Hydroelectric power station in Kalbajar District, Azerbaijan

Yukhari Vang Hydroelectric Power Station (Yuxarı Vəng Su Elektrik Stansiyası) is a hydroelectric power station in Kalbajar District of Azerbaijan, built on the Tartar River. It was commissioned on 2 September 2024 and has an installed capacity of 22.5 MW.

== History and features ==
The power station was built by Azerenerji and is part of the Kalbajar hydropower cascade, reported to have a total capacity of 40 MW. Water is supplied to the station from two sources: the outlet of the Nadirkhanli HPP and a main water-intake structure built on the Tutgu River.

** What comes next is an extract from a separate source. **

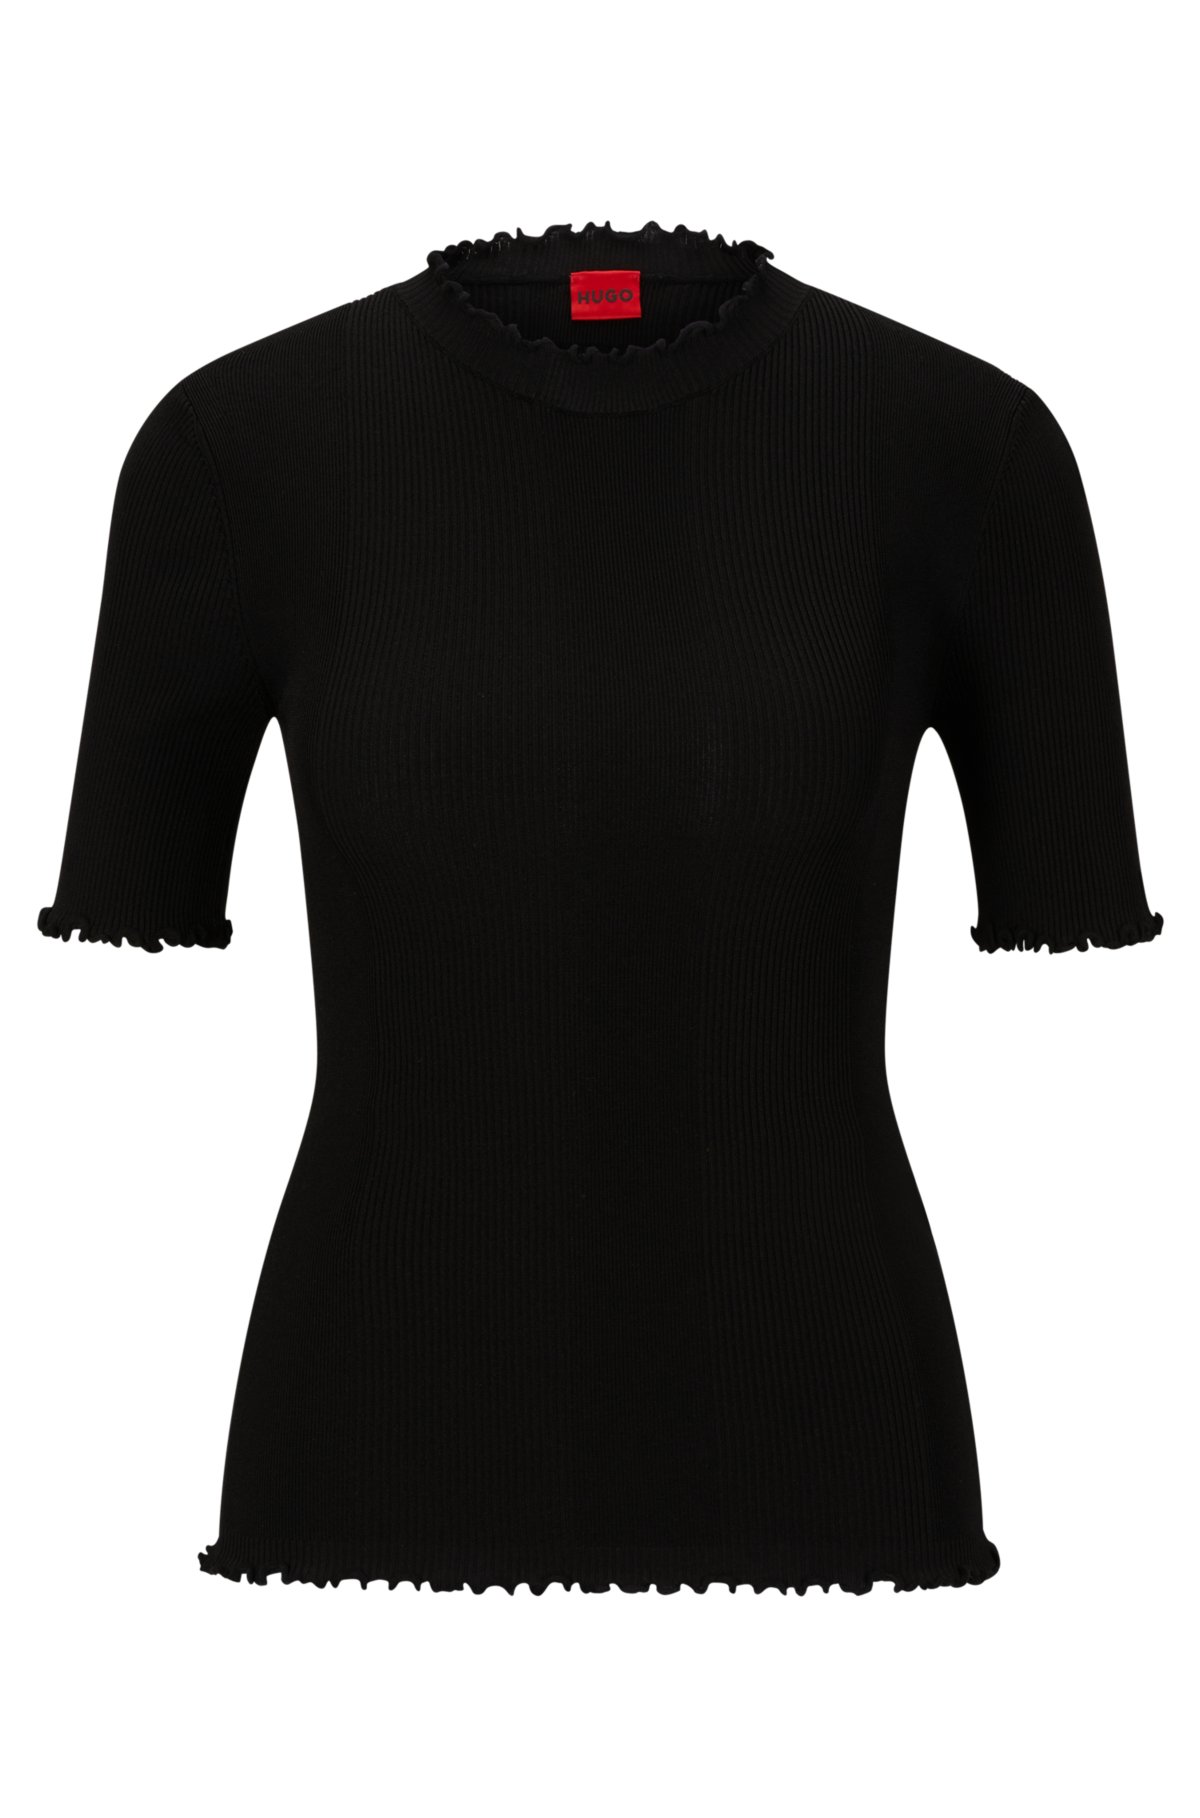 Fashion UNISEX Corporate Quality Black Turtle Neck Top/ Cooperate Black

The facility includes a 110 kV outdoor switchyard, a 24-core fibre-optic communication line, and integration into the centralized SCADA system; it also uses digital control systems and includes cybersecurity measures. Environmental protection measures described for the project include hydraulic devices designed to prevent river fish from entering the derivation pipeline and to keep them within the river ecosystem.

The project was developed by Azerenerji’s Energy Institute with participation of specialists from Austrian and Italian companies. The plant is designed to generate up to 66 million kWh (66 GWh) of electricity annually, which is associated in published figures with potential savings of 15 million m³ of natural gas and avoidance of more than 27,000 tonnes of carbon dioxide emissions.